Since the heat-adhesive resin layer 29 is made of a printed coating film, the amount of resin used in the paper packaging material 20 can be reduced and recyclability can be improved. Moreover, since the thermal adhesive resin layer 29 is formed of a water-based resin film, the disintegration properties of the paper packaging material 20 during recycling are improved. Thereby, the recyclability of the paper packaging material 20 can be further improved.

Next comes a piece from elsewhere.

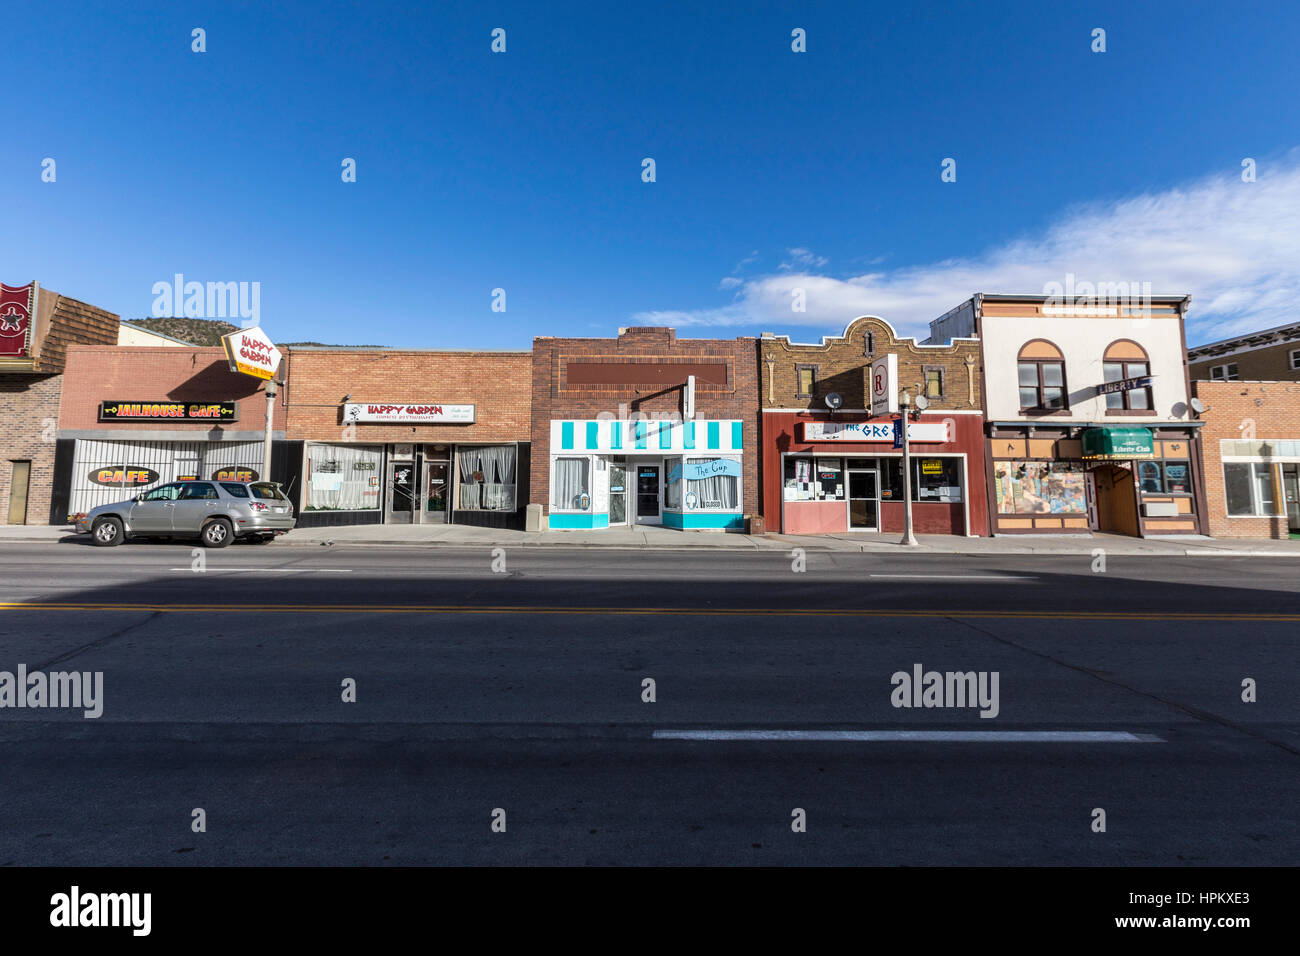 Ely, Nevada, USA - October 16, 2016:  Vintage small town storefronts in rural Ely Nevada. Stock Photo

Furthermore, the water-based resin film does not contain so-called oily organic solvents (toluene, MEK, ethyl acetate, etc.) when it is formed. Thereby, it is possible to prevent odor caused by residual solvent in the thermally adhesive resin layer 29 disposed on the inner surface of the paper packaging bag 1 (see FIG. 3). Therefore, the paper packaging material 20 can be used as a food paper packaging material suitable for food packaging. Note that in applications where residual solvent is allowed, the thermal adhesive resin layer 29 may be formed of a non-aqueous resin, although the disintegration property will be reduced.

The surface protection layer 22 and the pattern layer 23 are provided on a base film 21 (see FIG. 2), which will be described later, and are adhered to a paper base material 28 by an adhesive layer 24. The adhesive layer 24 is formed of an adhesive such as an acrylic adhesive or a urethane adhesive.

The surface protection layer 22 is formed of a cured film of a transparent release agent. As the release agent for forming the surface protective layer 22, a silicone release agent, a fluorine release agent, an acrylic release agent, an alkyd release agent, a long chain alkyl group release agent, or the like can be used. Acrylic resins used in acrylic release agents are more desirable because they can be designed to have a wide range of degrees of polymerization and can be designed and used depending on the base material and release properties.

The pattern layer 23 is made of a printed coating film in which ink is printed on the surface protection layer 22, and forms a desired pattern (including characters). The plurality of inks forming the pattern layer 23 are mainly composed of urethane resin, nitrified cotton resin, etc., and contain colored pigments such as cyan, magenta, yellow, and black, and white pigments, respectively.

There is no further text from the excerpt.